Reputation: 1050
I am trying to serialise and store objects/data in a database efficiently. The object can take any form but in most cases it will be of a class that has a primitive counter-part (such as Integer
). I have written the following methods to marshal and unmarshal:
private String marshall(Object obj) throws IOException {
if (obj instanceof String) {
return (String) obj;
} else if ((obj instanceof Integer) || (obj instanceof Byte) || (obj instanceof Short) || (obj instanceof Long) || (obj instanceof Float) || (obj instanceof Double) || (obj instanceof Boolean) || (obj instanceof Character)) {
return obj.toString();
} else {
ByteArrayOutputStream baos = new ByteArrayOutputStream();
try (ObjectOutputStream oos = new ObjectOutputStream(baos)) {
oos.writeObject(obj);
}
return new String(Base64Coder.encode(baos.toByteArray()));
}
}
private Object unmarshall(String str, Class type) throws IOException, ClassNotFoundException {
if (type.equals(Integer.class)) {
return Integer.parseInt(str);
} else if (type.equals(String.class)) {
return str;
} else if (type.equals(Byte.class)) {
return Byte.parseByte(str);
} else if (type.equals(Short.class)) {
return Short.parseShort(str);
} else if (type.equals(Long.class)) {
return Long.parseLong(str);
} else if (type.equals(Float.class)) {
return Float.parseFloat(str);
} else if (type.equals(Double.class)) {
return Double.parseDouble(str);
} else if (type.equals(Boolean.class)) {
return Boolean.parseBoolean(str);
} else if (type.equals(Character.class)) {
return str.toCharArray()[0];
} else {
byte[] data = Base64Coder.decode(str);
Object o;
try (ObjectInputStream ois = new ObjectInputStream(
new ByteArrayInputStream(data))) {
o = ois.readObject();
}
return o;
}
}
These methods work fine (or at least my JUnit test seems to think they do) but I am just wondering what the best way to store the outputted values would be. The two options I see are LONGTEXT or BLOB. I can see some advantages for both. From what I have researched both will have a maximum length of 4GB - 1B. BLOBS are not searchable but store the data passed to them byte for byte (which may or may not be advantageous - I am not sure). LONGTEXT is searchable and if I can change the encoding from UTF-8 to something closer to BASE64 (if you know what encoding would be best, let me know) then it might be more space efficient than the BLOB encoding (which at the moment is encoded as UTF-8 and reversible via CONVERT(value USING utf8)
.
Another option I saw was storing both by having a rawValue
which just uses the .toString
method on whatever is being stored and value
which is a BLOB or even LONGTEXT if appropriate. This would provide searchable data in the rawValue
and an object representation in the value
. I am not sure if this would be something beneficial to do in the long run, but it would make it easier for third-parties to access the database and to read the data from other languages such as PHP.

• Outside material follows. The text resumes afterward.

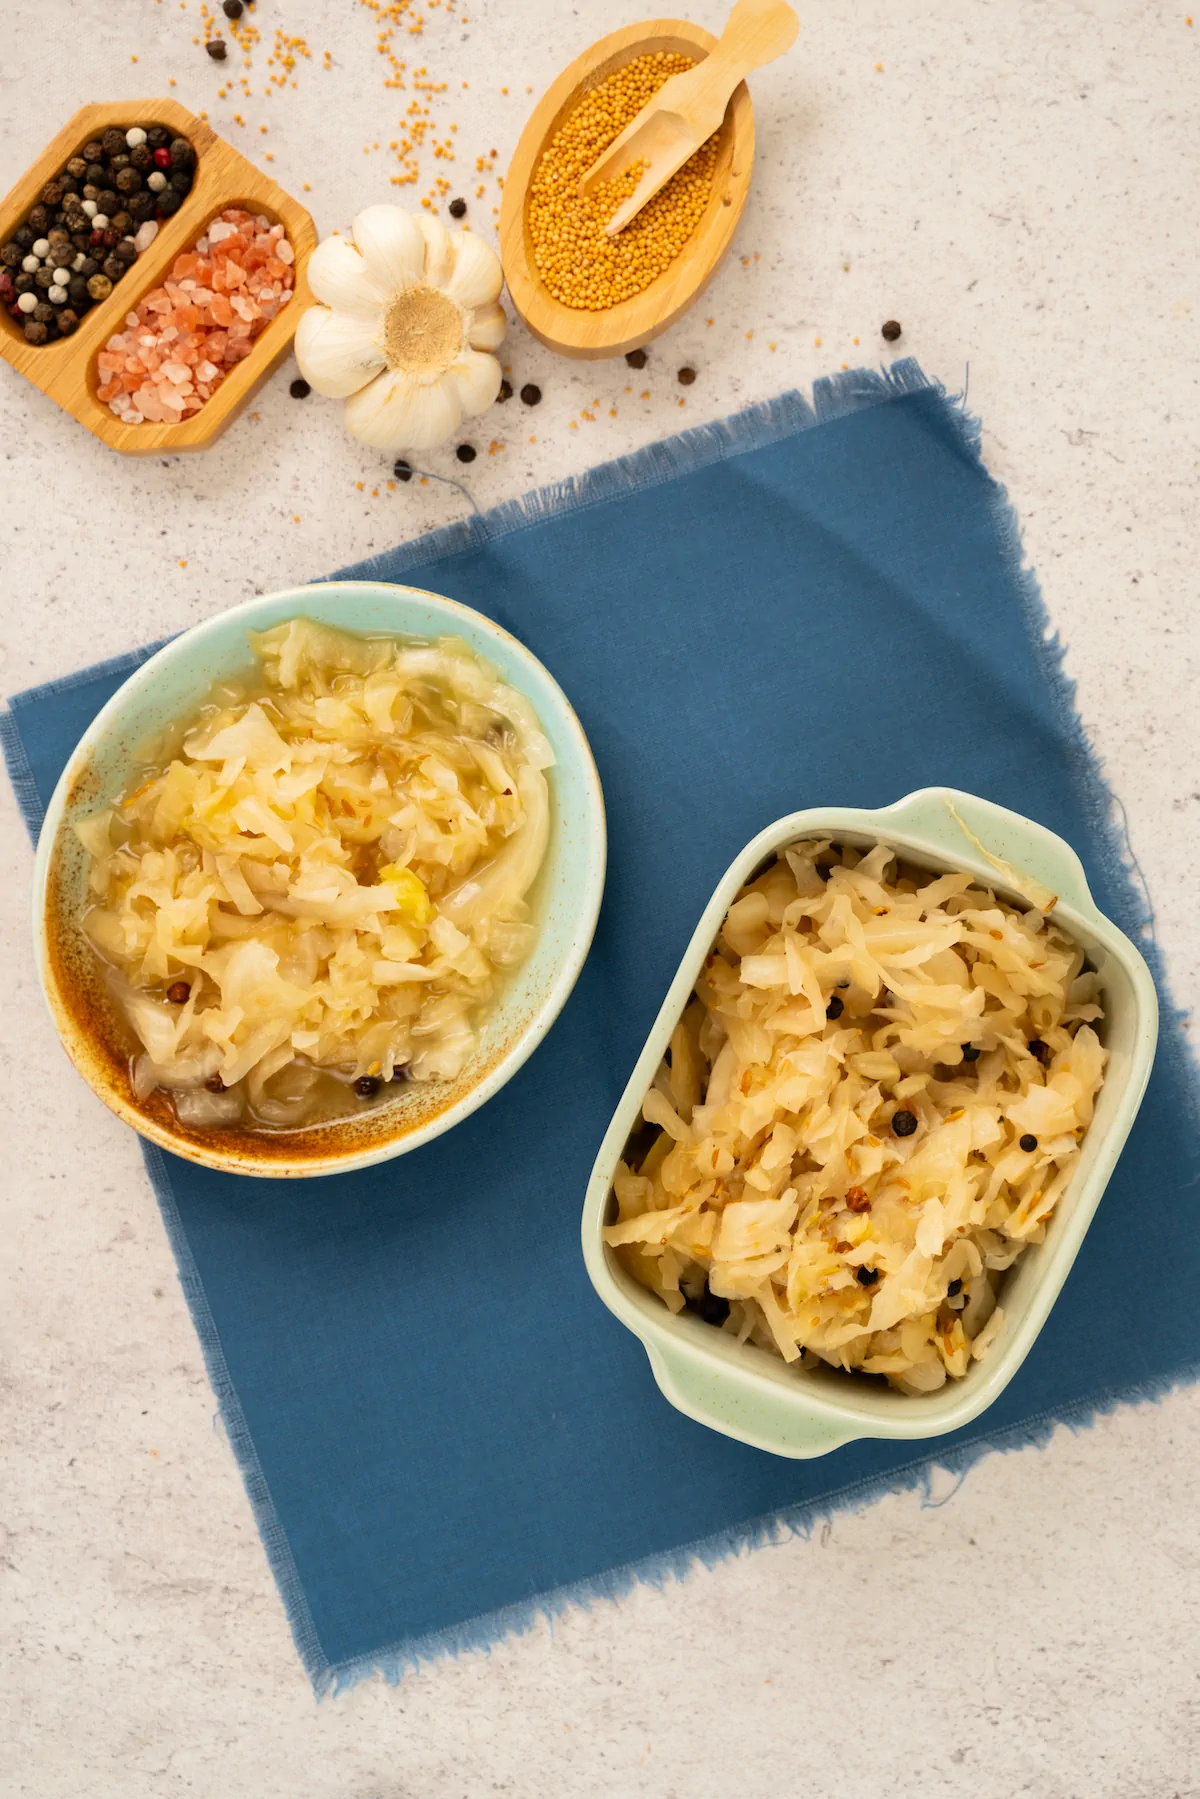 Homemade tangy sauerkraut served in the ceramic bowls.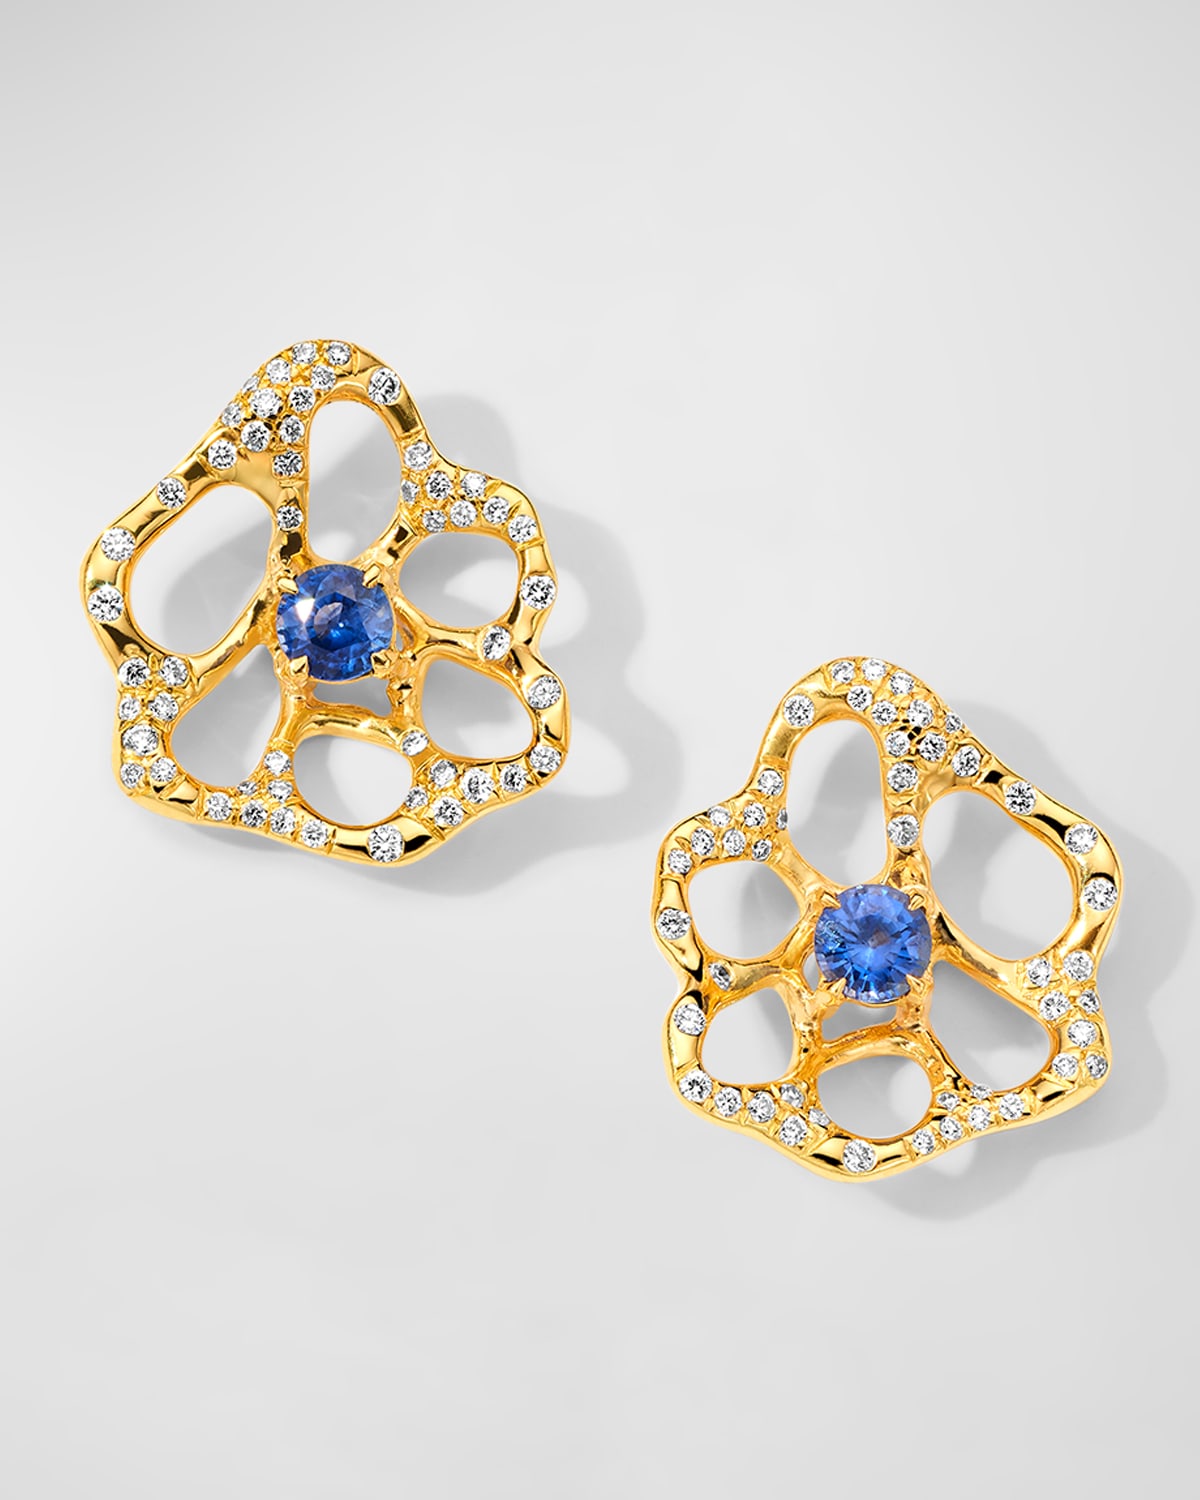 IPPOLITA 18K STARDUST DRIZZLE SMALL FLOWER STUD EARRINGS WITH BLUE SAPPHIRE AND DIAMONDS

I am willing to take on suggestions for completely different approaches if you feel you have something better for this scenario.
Upvotes: 0
Views: 1479
Reputation: 310957
The most space-efficient method is BLOB, without the conversion you mention. Serialized data is binary and I don't see much vale in being able to search it. Base64 etc are not more space-efficient.
Upvotes: 1